======== SUPPLIED MATERIAL ========

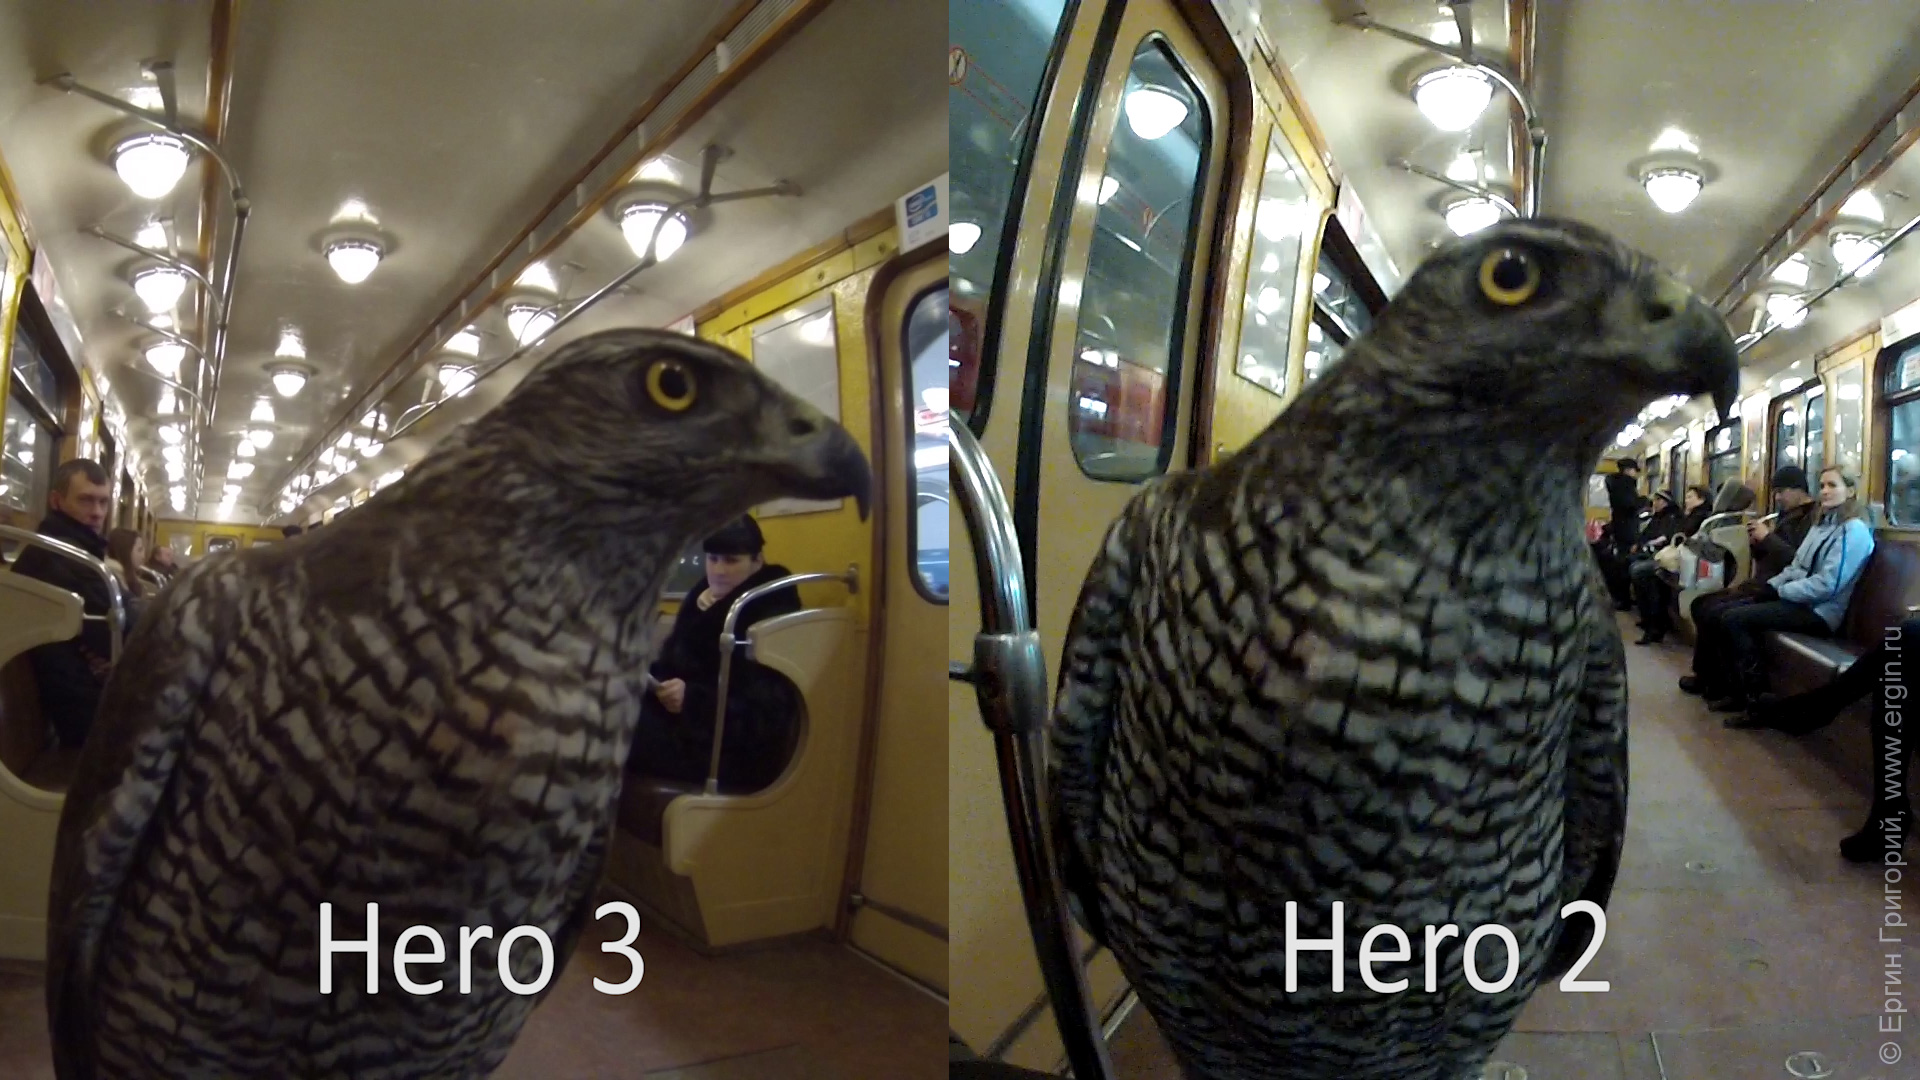 Детали оперенья у хищной птицы GoPro Hero 3 меньше шумов, чем у Hero 2
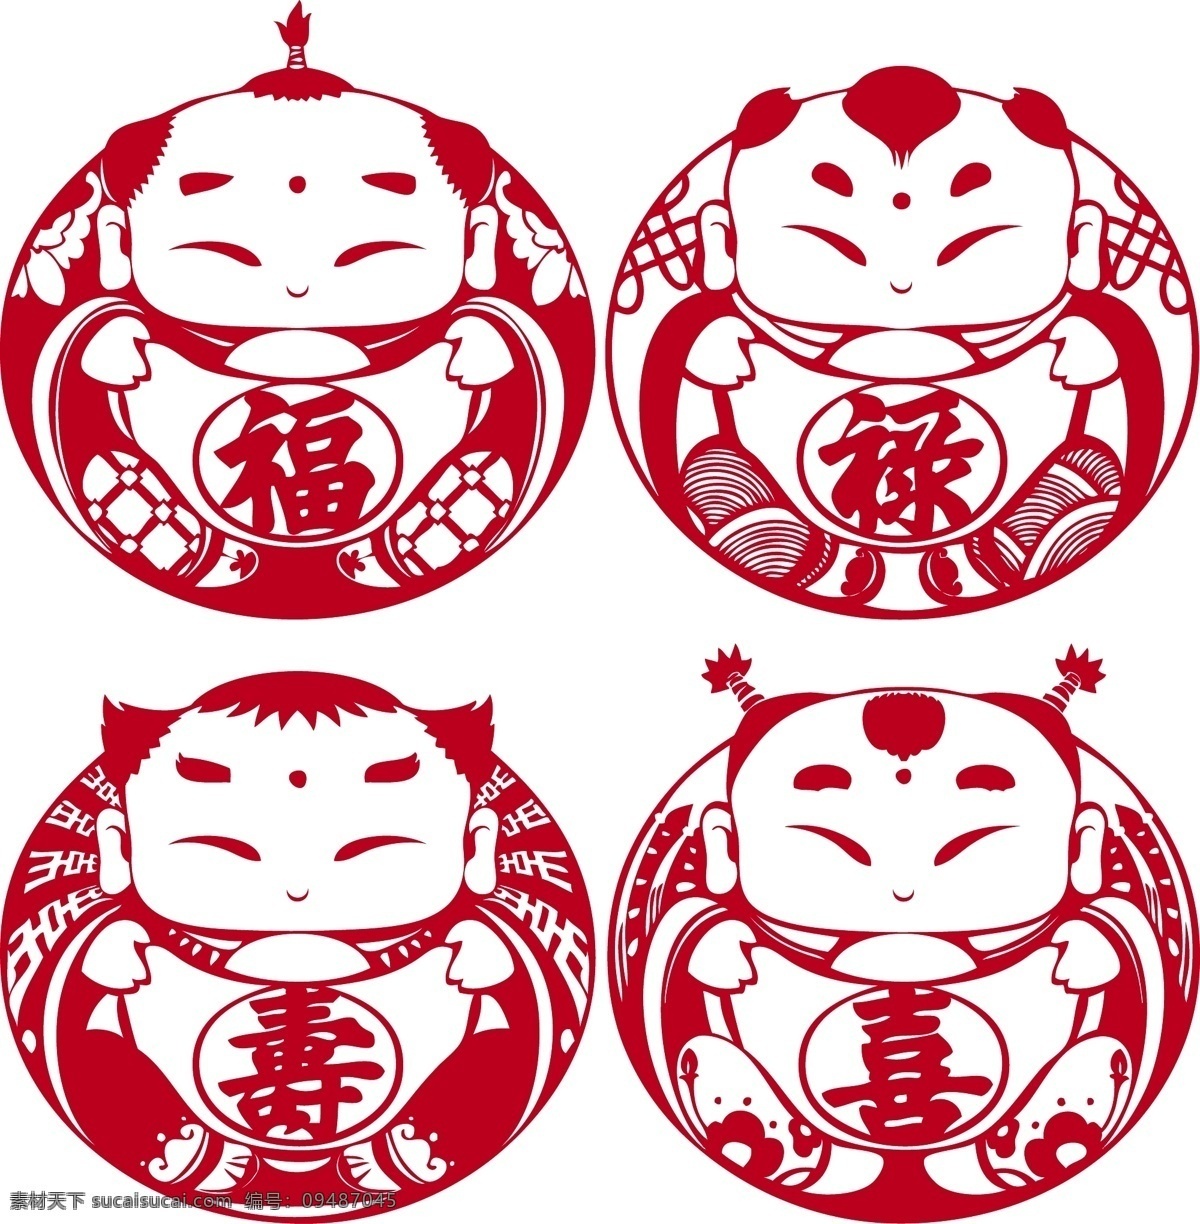 剪纸 传统 红色 喜庆 福禄寿喜 娃娃 散财童子 春节 节日素材 矢量
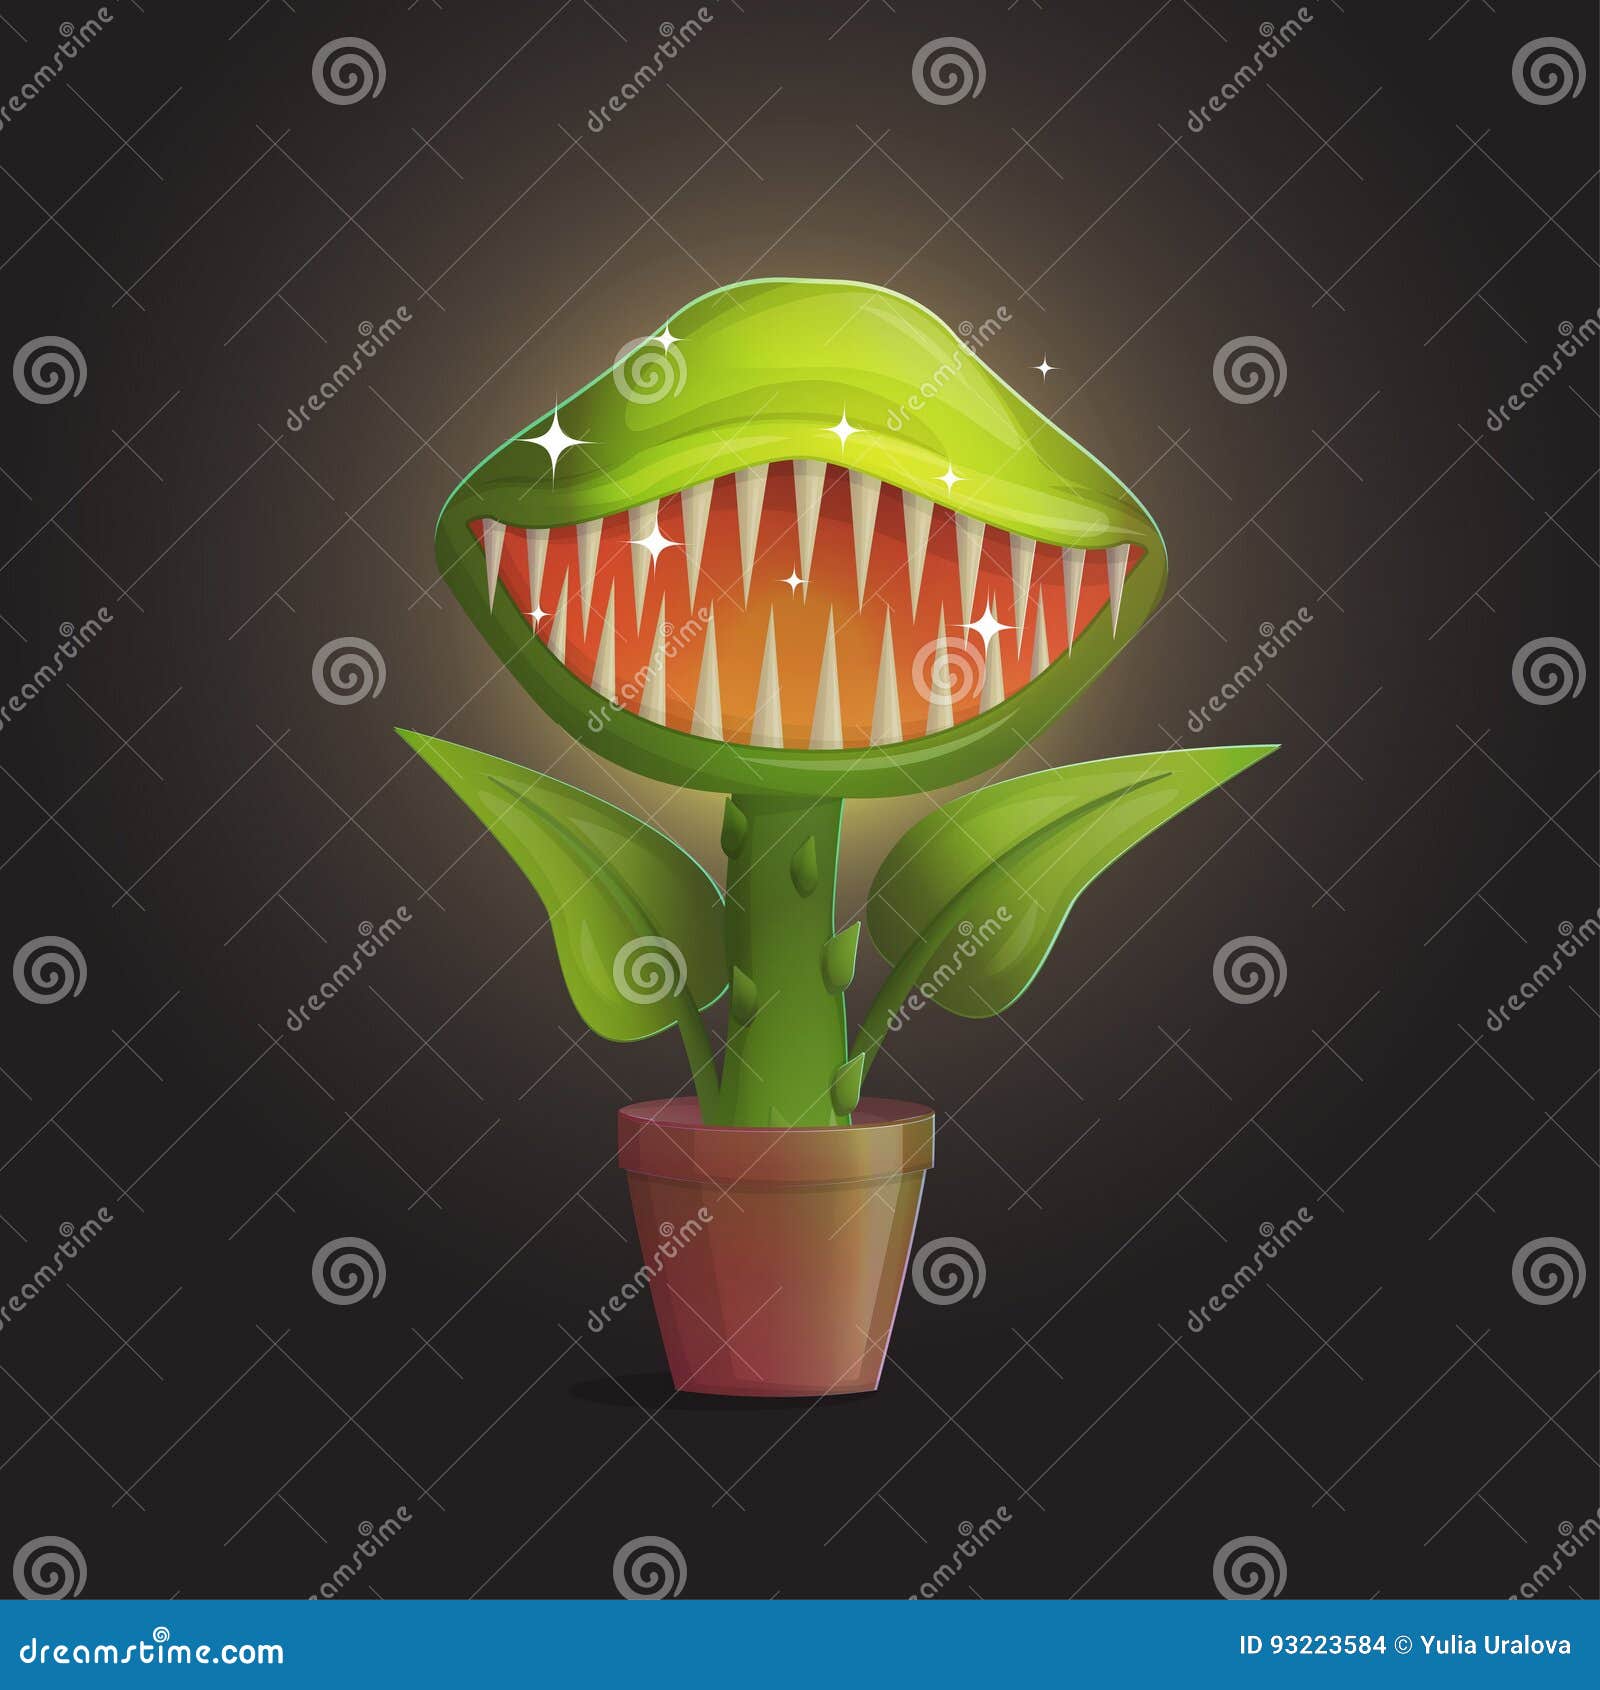 venus flytrap flower carnivorous plant

========

* [ABOUT THIS TASK]
An exact copy of the whole listing is required, minus the pictures.

* [SOLVED PROBLEM]
 Детали оперенья у хищной птицы GoPro Hero 3 меньше шумов, чем у Hero 2
 剪纸 传统 红色 喜庆 福禄寿喜 娃娃 散财童子 春节 节日素材 矢量
 venus flytrap flower carnivorous plant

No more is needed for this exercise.